Sí, si se divide. Si la guerra civil estalla definitivamente en toda su crudeza y la división se consolida, el sur de Irak sí podría transformarse en una teocracia similar a la que domina en Irán. Los dos últimos años han visto una sangrienta lucha fraticida también en el seno del chiismo iraquí. La victoria provisional ha sido para la Asamblea Suprema de la Revolución Islámica, el grupo fundado a la vera de Jomeini por el fallecido ayatolá Mohamed Baqer al-Hakim, asesinado en agosto de 2003. Pese a su desaparición, los iraquíes iraníes, imbuidos de la revolución islámica durante más de veinte años de exilio, han conseguido sobreponerse con la ayuda de Teherán. A su discurso político, sagazmente revestido de moderación, se han sumado tanto el partido radical Al-Dawa –el más violento en los años de dictadura– como el influyente e inexperimentado clérigo Múqtada al Sáder, aleccionado a marchas forzadas en los valores del jomeinismo en escuelas de Irán y Líbano.

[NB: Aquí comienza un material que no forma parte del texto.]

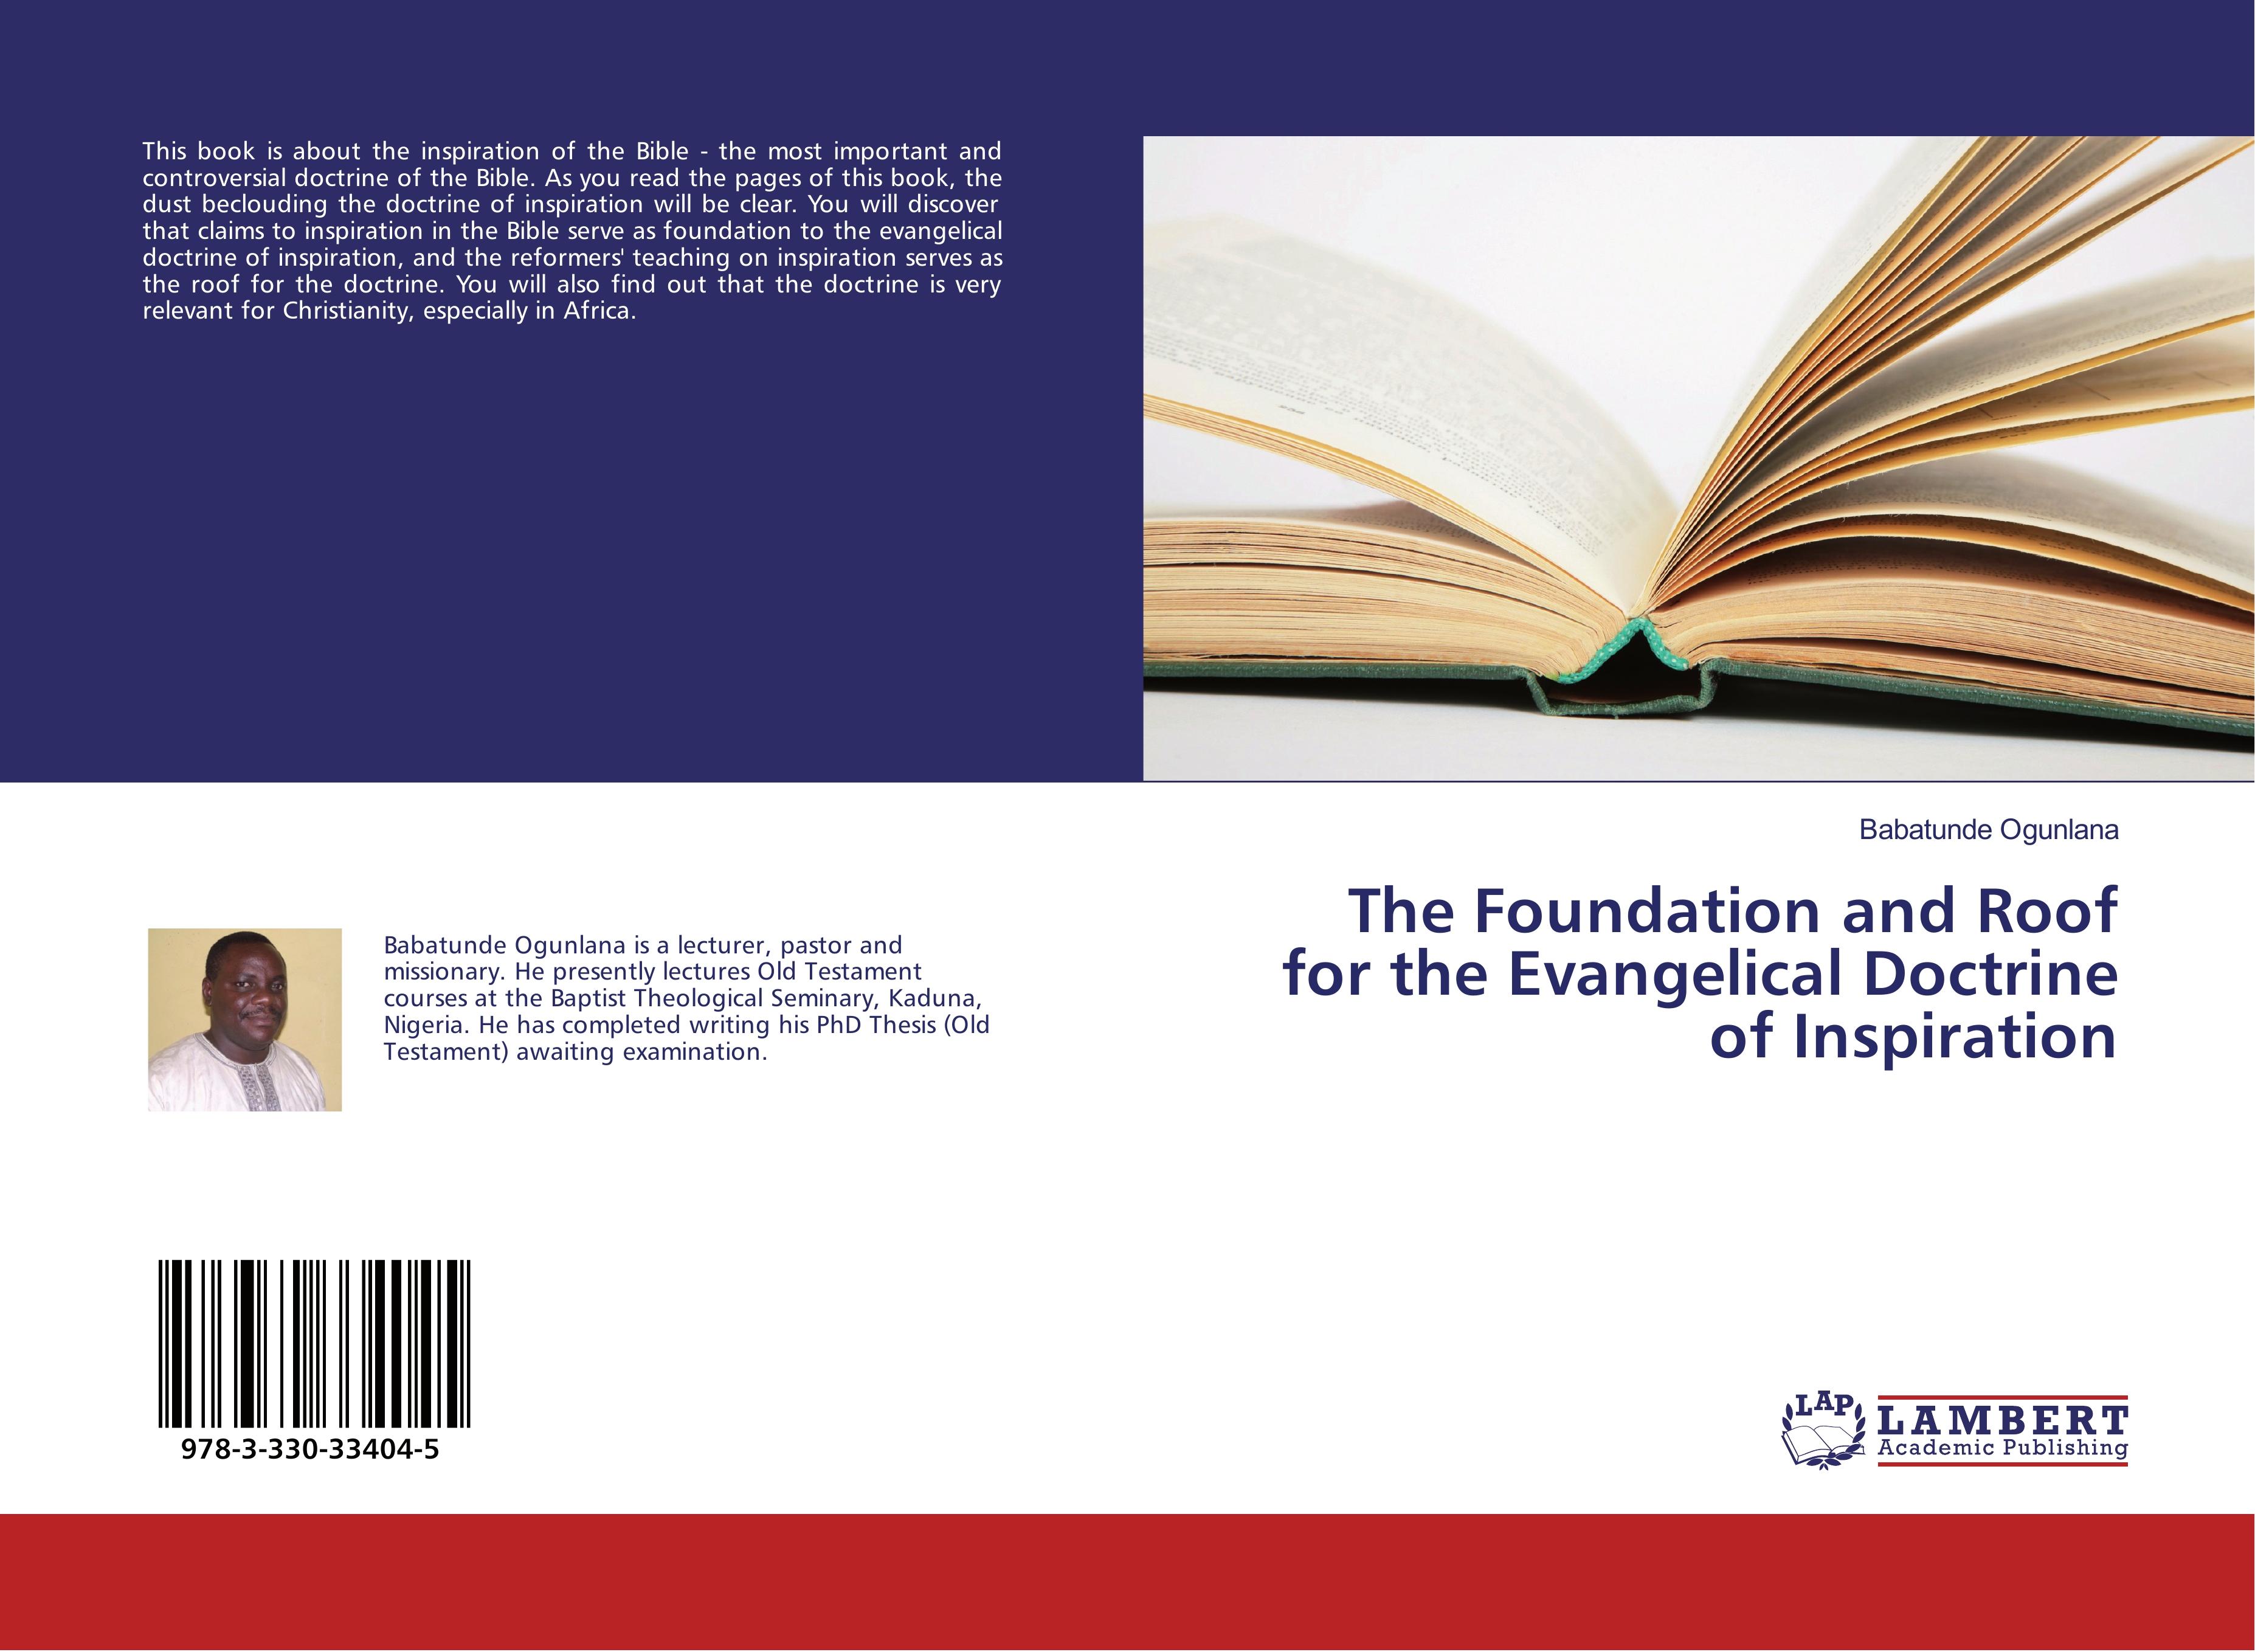 The Foundation and Roof for the Evangelical Doctrine of Inspiration - Babatunde Ogunlana

"Siempre serán los grandes parias del islam"

Ya no. El chiismo, desde su escisión definitiva en tiempos del califato de Alí, ha sido una corriente minoritaria sometida a la represión suní. Como muy acertadamente señala el periodista y escritor polaco Ryszard Kapuscinski en su libro El Sha, "el chií es, antes que nada, un opositor implacable". Sólo en contadas ocasiones, como durante la dominación de la dinastía Safavid en la antigua Persia (siglo XV) y el régimen de los ayatolás en el actual Irán, los seguidores de Alí han logrado desprenderse del yugo suní. En el siglo XVIII, Nadir Sha se valió de tribus afganas para conquistar Mesopotamia y trató, sin éxito, de convencer a los clérigos chiíes de que abrazasen la ortodoxia y transformaran el chiismo en la quinta escuela de jurisprudencia suní. Para ello, convocó un congreso de ulemas y ordenó recubrir de oro la cúpula de la mezquita del imam Alí en Nayaf.

La dominación suní ha sido habitual incluso en los territorios donde los chiíes tradicionalmente han sido mayoritarios, como ocurrió en Irak y actualmente sucede en Bahrein y Azerbaiyán. Fuera de las fronteras de Irán, ninguna comunidad chií ha disfrutado de su propio Estado. Únicamente en India, el Estado de Awadh gozó de libertad durante cerca de un siglo. En Líbano, Afganistán, Arabia Saudí y Pakistán son minorías más o menos sujetas a la sandalia suní. En este último país, se han convertido en la comunidad chií más numerosa del mundo después de Irán, pero la división interna, que se remonta a 1947, evita que puedan asaltar el poder, aunque tengan un relativo peso específico.

Los chiíes han sufrido, asimismo, la marginación social. Tradicionalmente, han poblado el escalafón más bajo en la pirámide económica y se han visto relegados a vivir en el campo o en guetos. Este estatus, unido a los 13 siglos de persecuciones que jalonan su odisea, les ha modelado un carácter peculiar: suelen ser perseverantes, pacientes, con gran capacidad de sufrimiento, desconfiados, determinados y fieros. Incluso despiadados cuando se les han instado al combate. Y con ciega vocación por el martirio, ya que sus fundadores perecieron asesinados. Extinguidos, gracias a la pujanza de Irán, los tiempos en que debían ocultar su fe para no ser atacados, aspiran a un renacer que les conduzca a su época más dorada.

Son una minoría: el 15% de los 1.500 millones de musulmanes que hay en el mundo. Pero la creciente afirmación de Irán como una potencia chií en Oriente Medio y su ascenso al poder en Irak parecen haberles devuelto el orgullo tras siglos de represión y desprecio.